Essa conversão é o que separa uma empresa que respira de uma que trava no meio do mês. O balanço continua o mesmo, mas a capacidade de pagar salário, fornecedor e imposto muda da água para o vinho quando o recebível vira caixa. E aqui cabe a dúvida que aparece em quase toda conversa séria sobre o assunto.

O FIDC serve para a recuperação de crédito de uma empresa em crise ou só para grandes carteiras? Pedro Bianchi frisa que serve para as duas situações. Não existe piso legal que impeça uma empresa menor de ceder recebíveis, desde que a carteira tenha volume, documentação e previsibilidade suficientes para o fundo conseguir precificar o risco.
Na prática, o que decide não é o tamanho da empresa, e sim a qualidade da carteira que ela tem para oferecer. Recebíveis pulverizados entre muitos devedores, com histórico de pagamento e lastro documental firme, valem mais e sofrem deságio menor. Uma carteira concentrada em poucos nomes ruins é justamente a que o fundo mais castiga no preço. Muitas empresas descobrem essa diferença tarde, quando já sentaram para negociar sem entender o que de fato têm em mãos.
FIDCs e o mercado de crédito: onde essa engrenagem se encaixa?
O mercado de crédito brasileiro não se resume a banco emprestando a juros. Ao lado do crédito bancário tradicional existe um circuito de securitização, no qual dívidas são empacotadas, precificadas e negociadas como se fossem qualquer outro ativo financeiro. O FIDC é uma das principais engrenagens desse circuito. Ele permite que o risco de inadimplência saia do balanço de quem vendeu a mercadoria e migre para quem tem apetite e estrutura para administrá-lo.
Para a empresa que cede a carteira, o efeito é duplo. Ela antecipa caixa e, ao mesmo tempo, transfere a régua de cobrança para terceiros, liberando a própria estrutura para cuidar da operação.
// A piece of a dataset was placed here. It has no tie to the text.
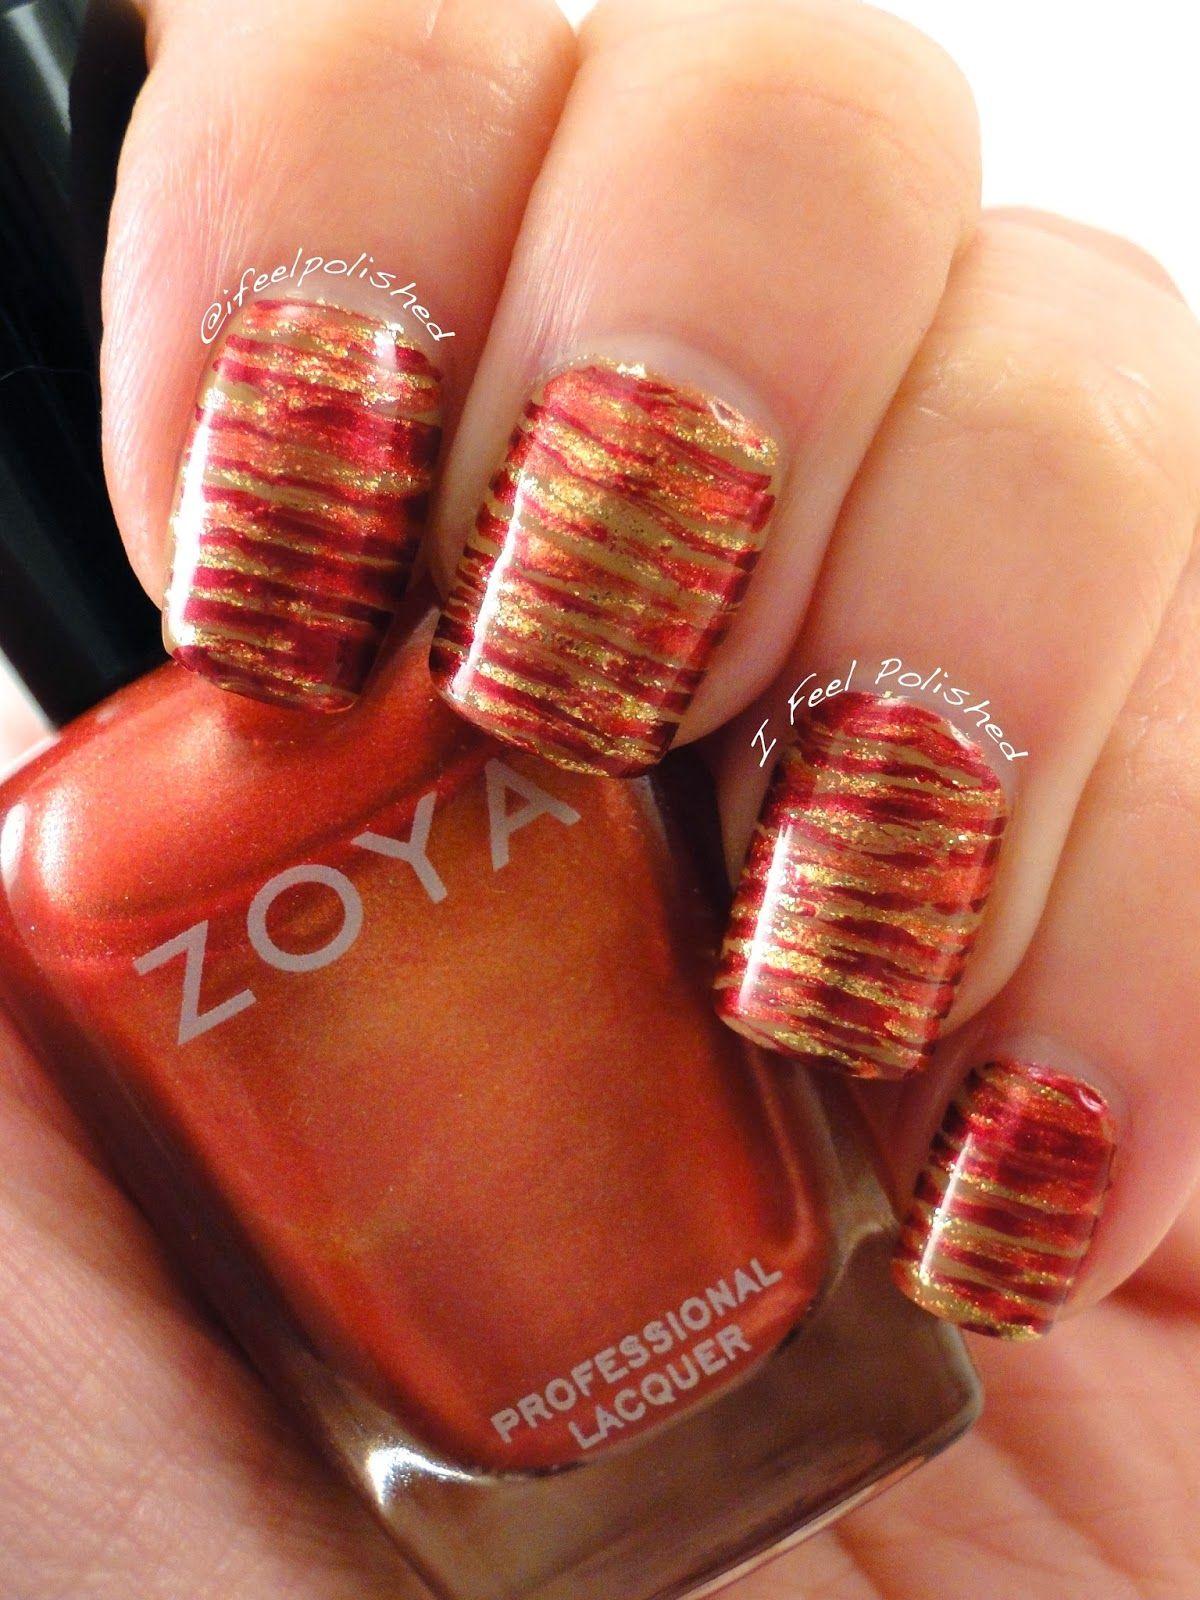 fan brush nail art | Nails | Pinterest | Fan brush nails and Fan brush

Pedro Bianchi avalia que esse desenho interessa em especial a negócios em reestruturação, nos quais cada hora gasta perseguindo devedor é uma hora que faltou para reorganizar a atividade que gera receita. Cobrar deixa de ser distração e vira problema de outra pessoa.
Quando o deságio deixa de compensar?
Nem toda venda de carteira é um bom negócio, e essa é a parte que costuma ficar de fora do discurso otimista. Se o deságio for tão alto que a empresa entrega o crédito por quase nada, ela apenas troca um problema de liquidez por uma perda patrimonial definitiva.
Há casos em que renegociar diretamente com o devedor, ou estruturar uma cobrança mais paciente, devolve mais dinheiro ao final do que ceder tudo de uma vez sob pressão. Pedro Bianchi resume que o cálculo envolve variáveis que mudam a cada situação: a urgência do caixa, o custo de manter a cobrança dentro de casa, a probabilidade real de recebimento e o prazo que a empresa consegue suportar antes de faltar dinheiro. Ceder recebíveis é ferramenta, não remédio automático. Usada no momento certo, destrava uma reestruturação inteira. Usada por puro desespero, ela só adia o colapso a um custo que ninguém percebeu no calor da negociação.